We estimate that we would require approximately $4 million in cash over the next 12 months in order to fund our basic operations, excluding our R&D initiatives. Based on this cash requirement, we have a near term need for additional funding to continue to develop our products and intellectual property. Historically, we have had substantial difficulty raising funds from external sources. If we are unable to raise the required capital, we will be forced to curtail our business operations, including our R&D activities. The following table shows a summary of our cash flows for the periods indicated:

 

 

 

Six months ended June 30,

 

 

 

2022

 

 

2021

 

Net cash provided by (used in):

 

 

 

 

 

 

Operating activities

 

$(4,167,376 )

 

$(3,100,368 )

Investing activities

 

 

-

 

 

 

-

 

Financing activities

 

 

349,222

 

 

 

13,865,770

 

Net increase (decrease) in Cash

 

$(3,818,154 )

 

$10,765,402

 

 

Critical Accounting Policies and Significant Judgments and Estimates

 

Critical Accounting Policies

 

Our management’s discussion and analysis of our financial condition and results of operations is based on our financial statements, which have been prepared in accordance with accounting principles generally accepted in the United States of America, or GAAP. The preparation of these financial statements requires us to make estimates, judgments and assumptions that affect the reported amounts of assets and liabilities, disclosure of contingent assets and liabilities as of the dates of the balance sheets and the reported amounts of revenue and expenses during the reporting periods. In accordance with GAAP, we base our estimates on historical experience and on various other assumptions that we believe are reasonable under the circumstances at the time such estimates are made. Actual results may differ materially from our estimates and judgments under different assumptions or conditions. We periodically review our estimates in light of changes in circumstances, facts and experience. The effects of material revisions in estimates are reflected in our financial statements prospectively from the date of the change in estimate.

 

While our significant accounting policies are more fully described in the notes to our financial statements appearing elsewhere in this Report, we believe the following are the critical accounting policies used in the preparation of our financial statements that require significant estimates and judgments.

 

Fair Value of Financial Instruments

 

We account for fair value measurements of assets and liabilities that are recognized or disclosed at fair value in the financial statements on a recurring or nonrecurring basis adhering to the Financial Accounting Standards Board (“FASB”) fair value hierarchy that prioritizes the inputs to valuation techniques used to measure fair value.

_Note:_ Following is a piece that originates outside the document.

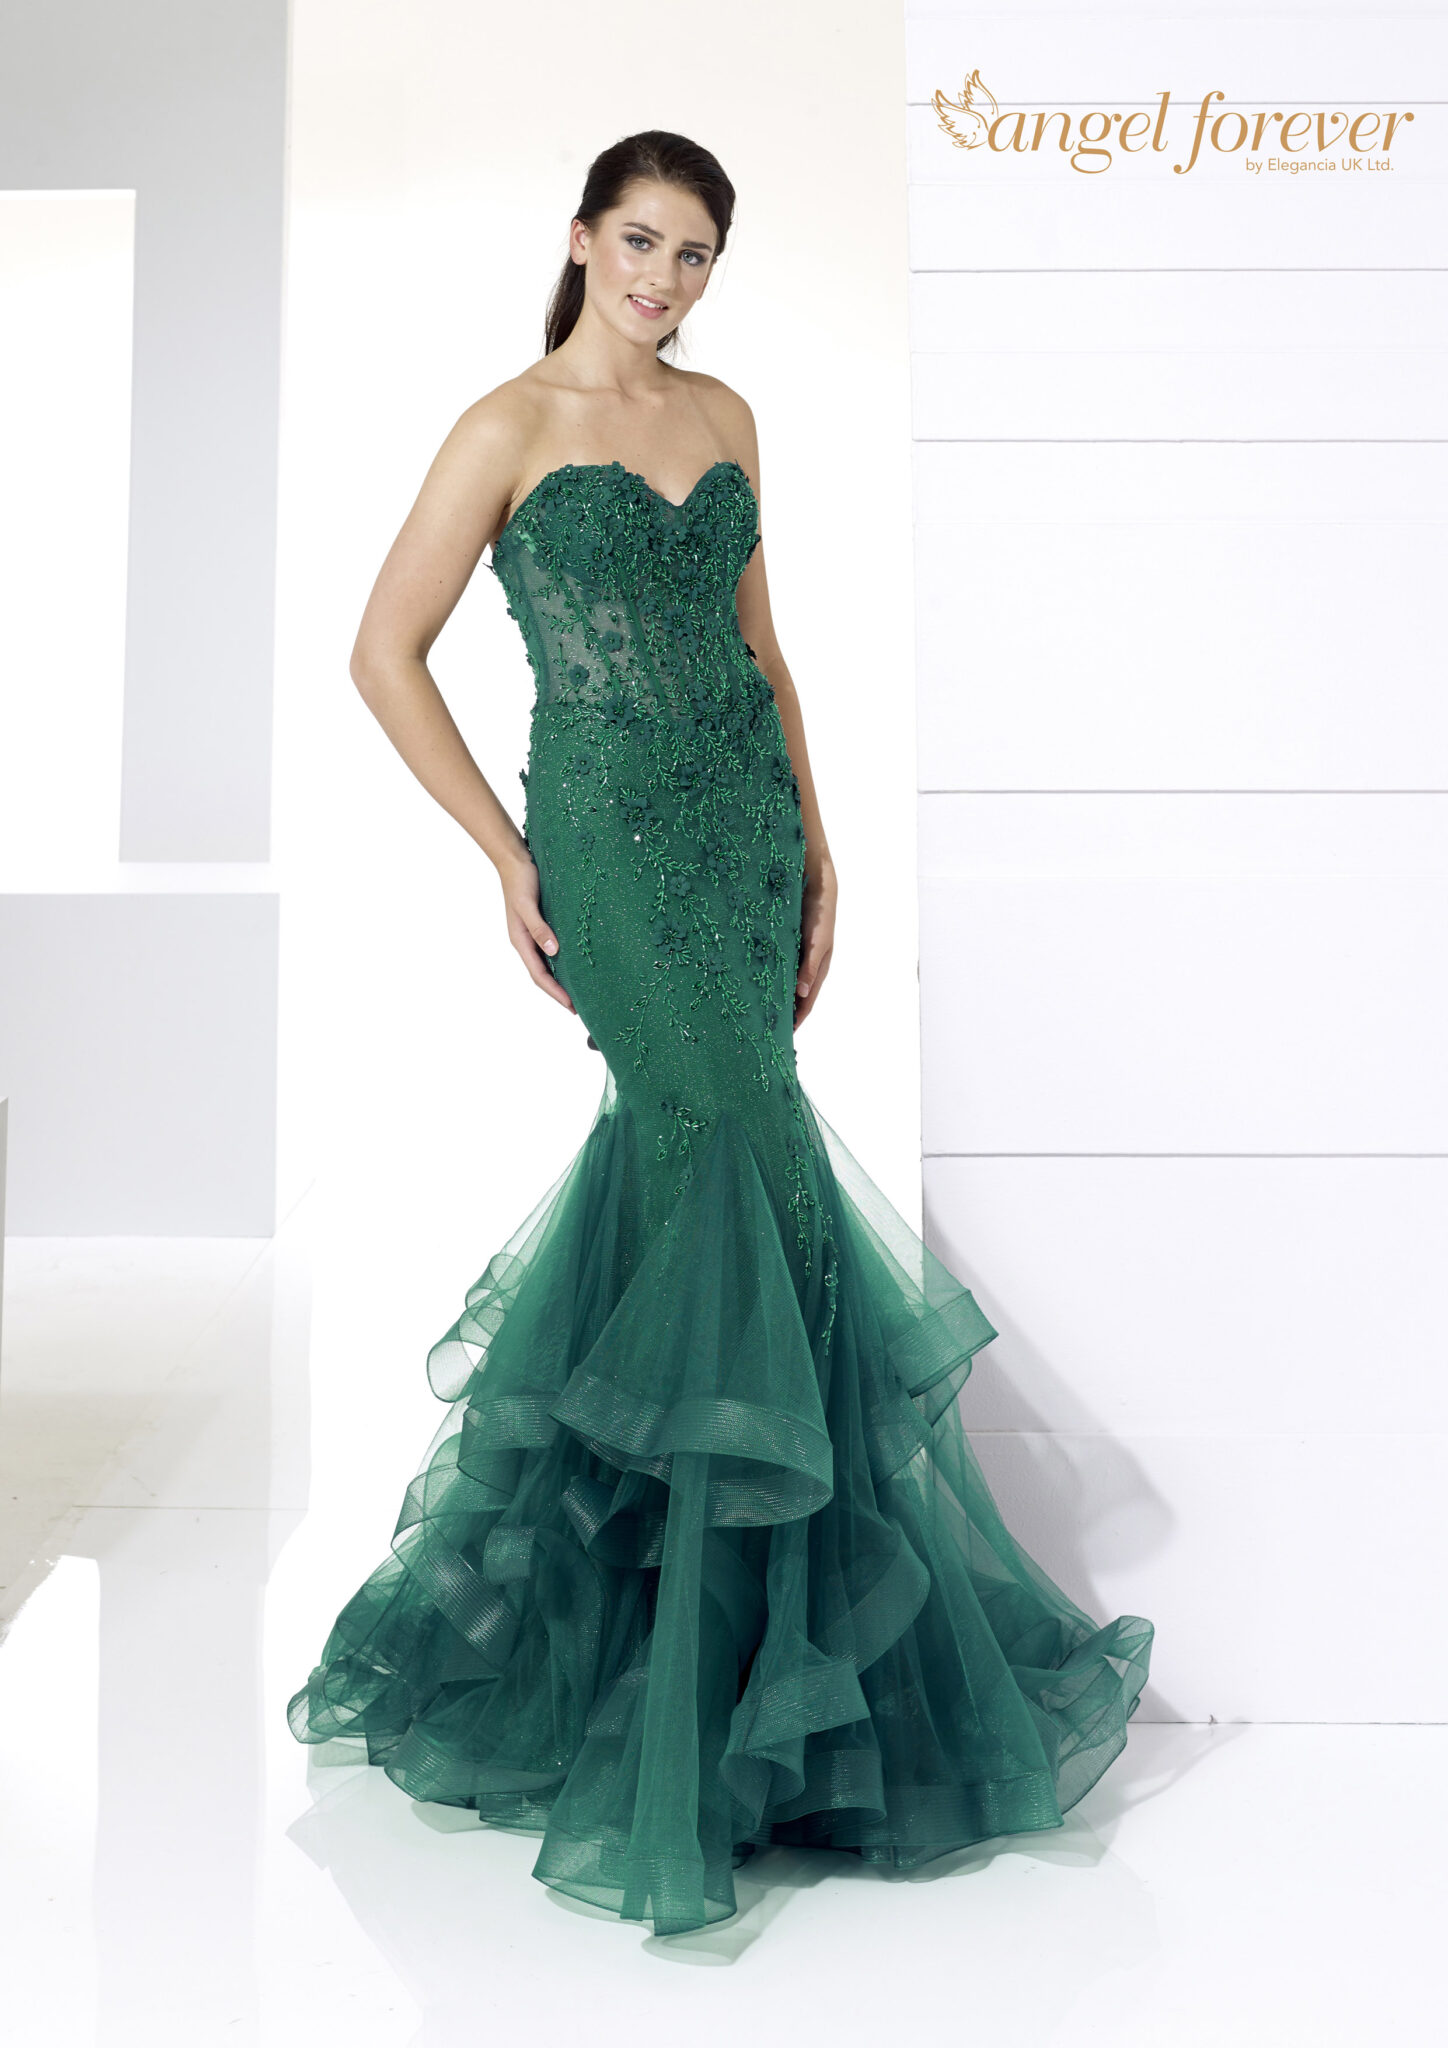 Off Shoulder Emerald Green Satin A Line Forest Green Prom Dress With Bow  Fashionable Formal Gown For Evening Parties And Events From Cplv1, $66.58 |  DHgate.Com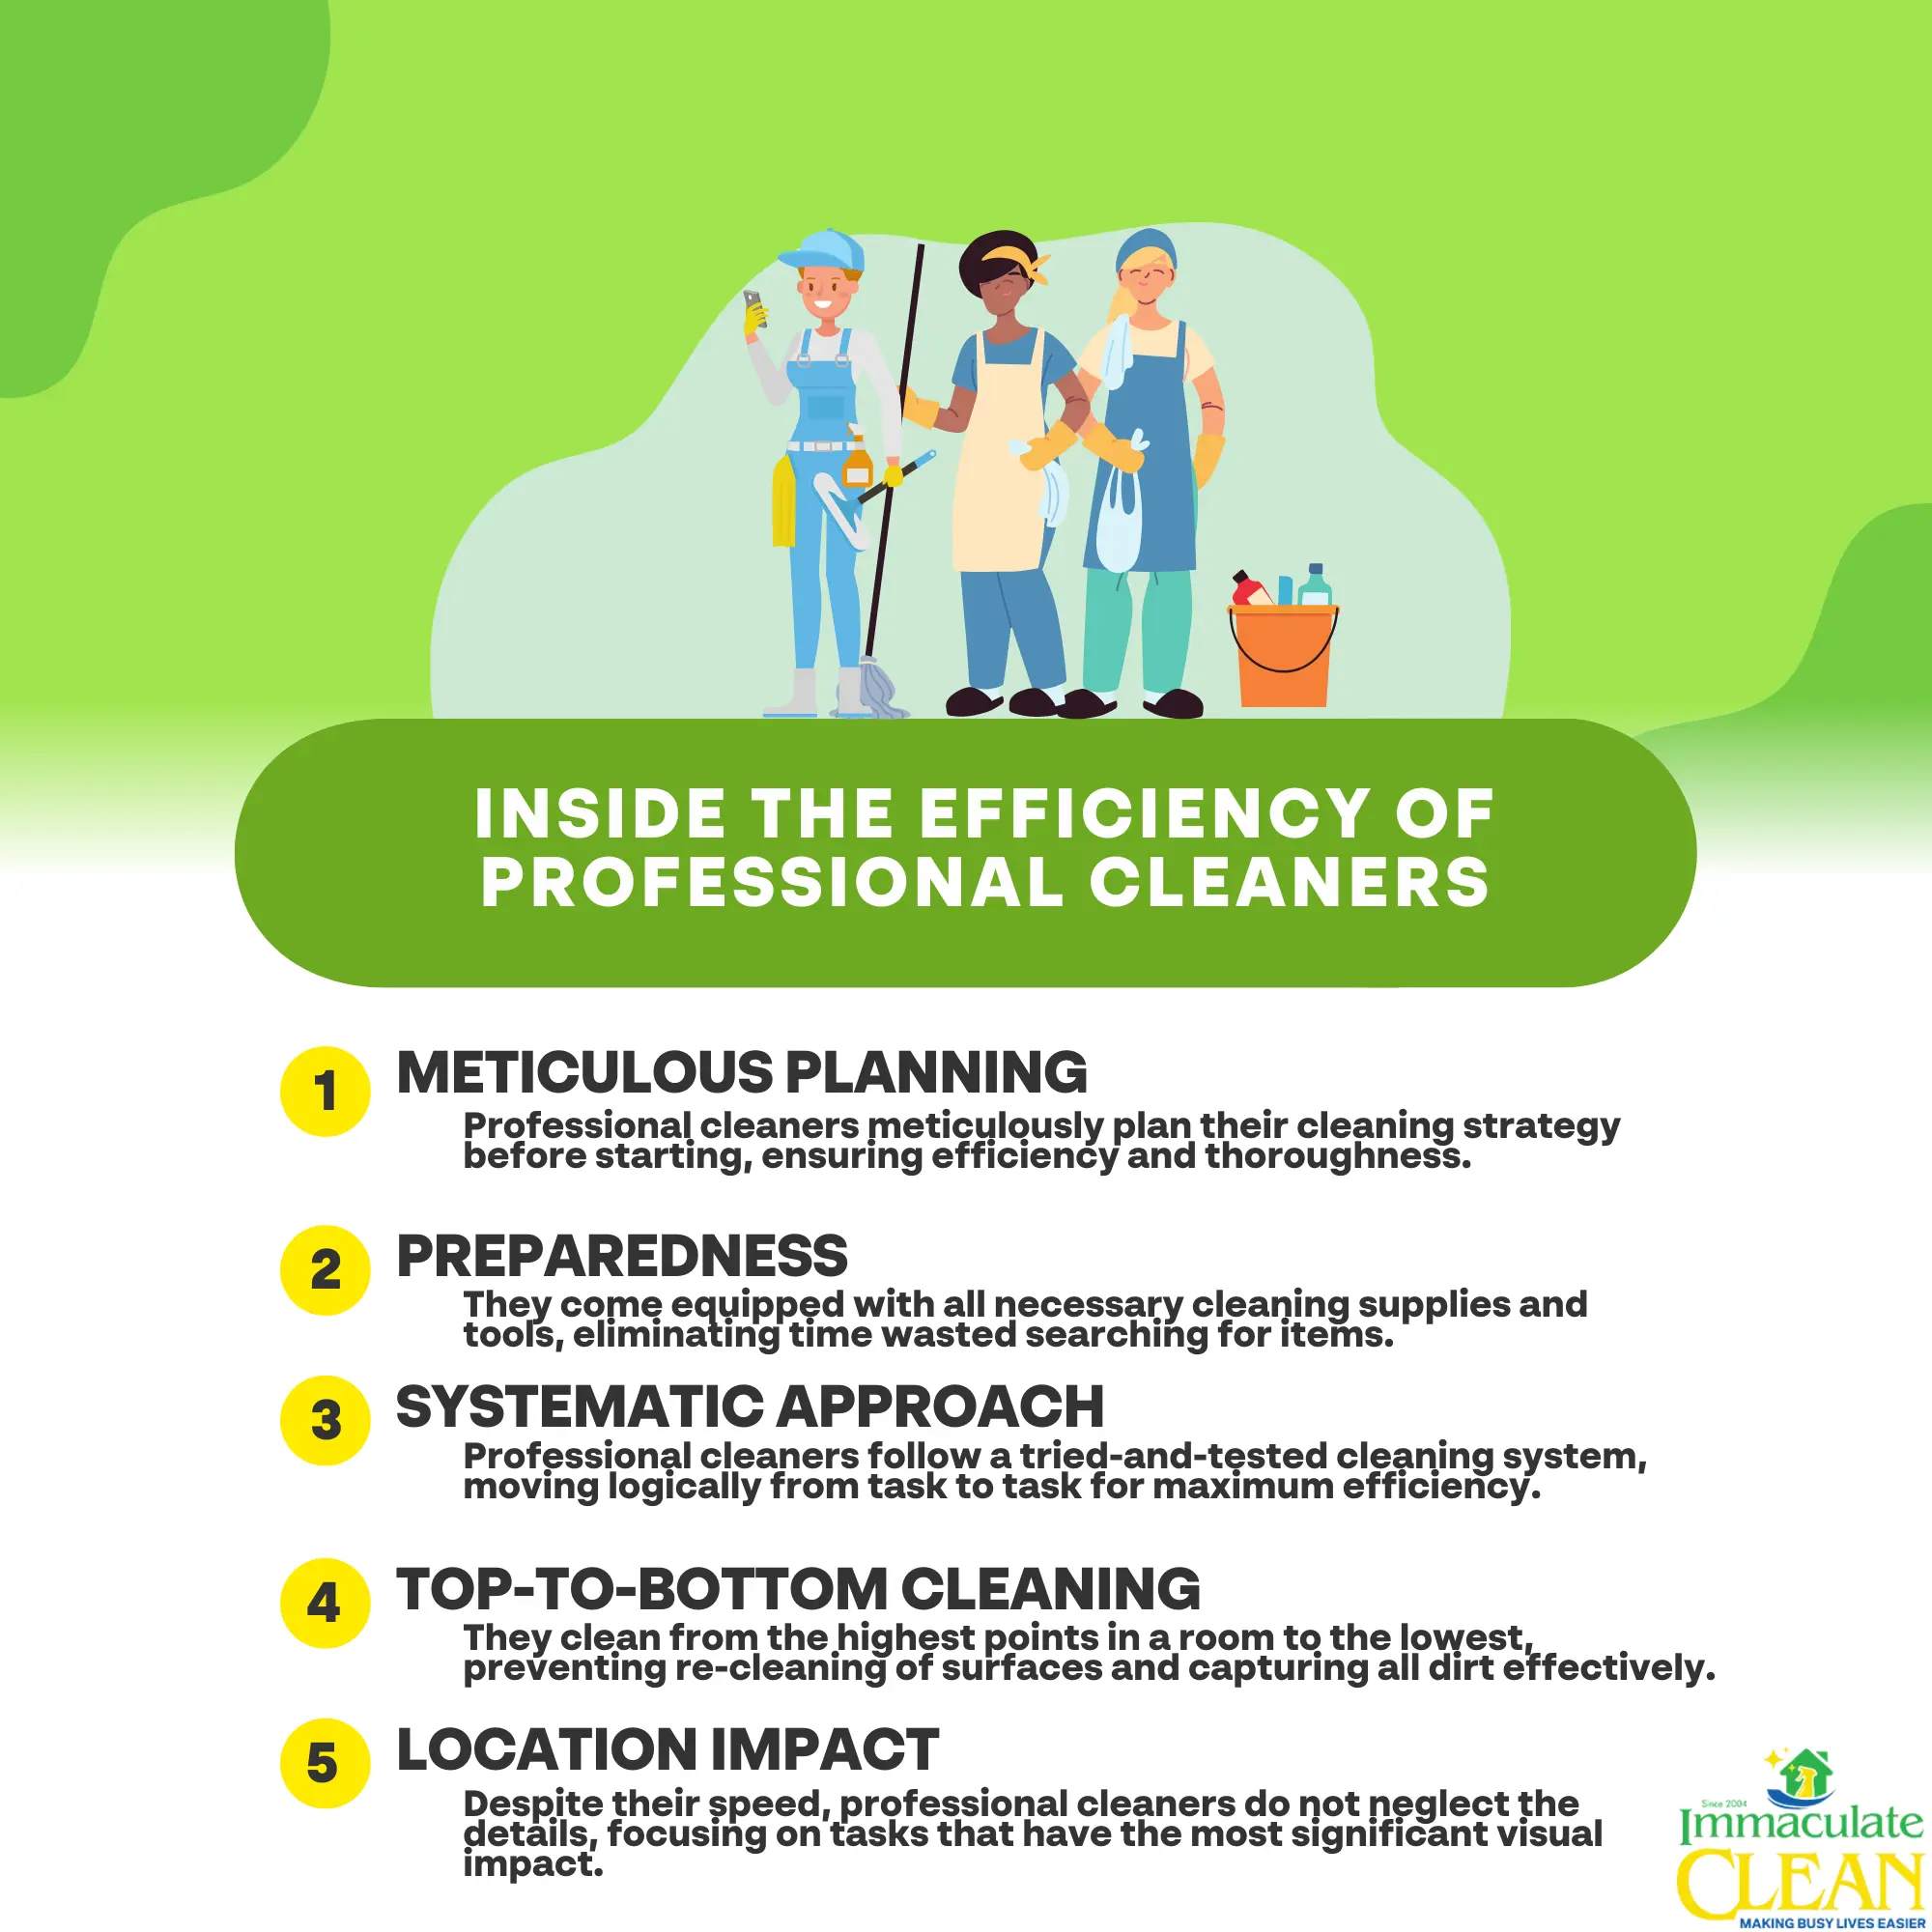 Inside the Efficiency of Professional Cleaners

The hierarchy gives the highest priority to unadjusted quoted prices in active markets for identical assets or liabilities (Level 1 measurements) and the lowest priority to measurements involving significant unobservable inputs (Level 3 measurements). The three levels of the fair value hierarchy are as follows:

 

Level 1 Inputs: Unadjusted quoted prices in active markets for identical assets or liabilities accessible to the Company at the measurement date.

 

 

 

Level 2 Inputs: Other than quoted prices included in Level 1 inputs that are observable for the asset or liability, either directly or indirectly, for substantially the full term of the asset or liability.

 

 

 

Level 3 Inputs: Unobservable inputs for the asset or liability used to measure fair value to the extent that observable inputs are not available, thereby allowing for situations in which there is little, if any, market activity for the asset or liability at measurement date.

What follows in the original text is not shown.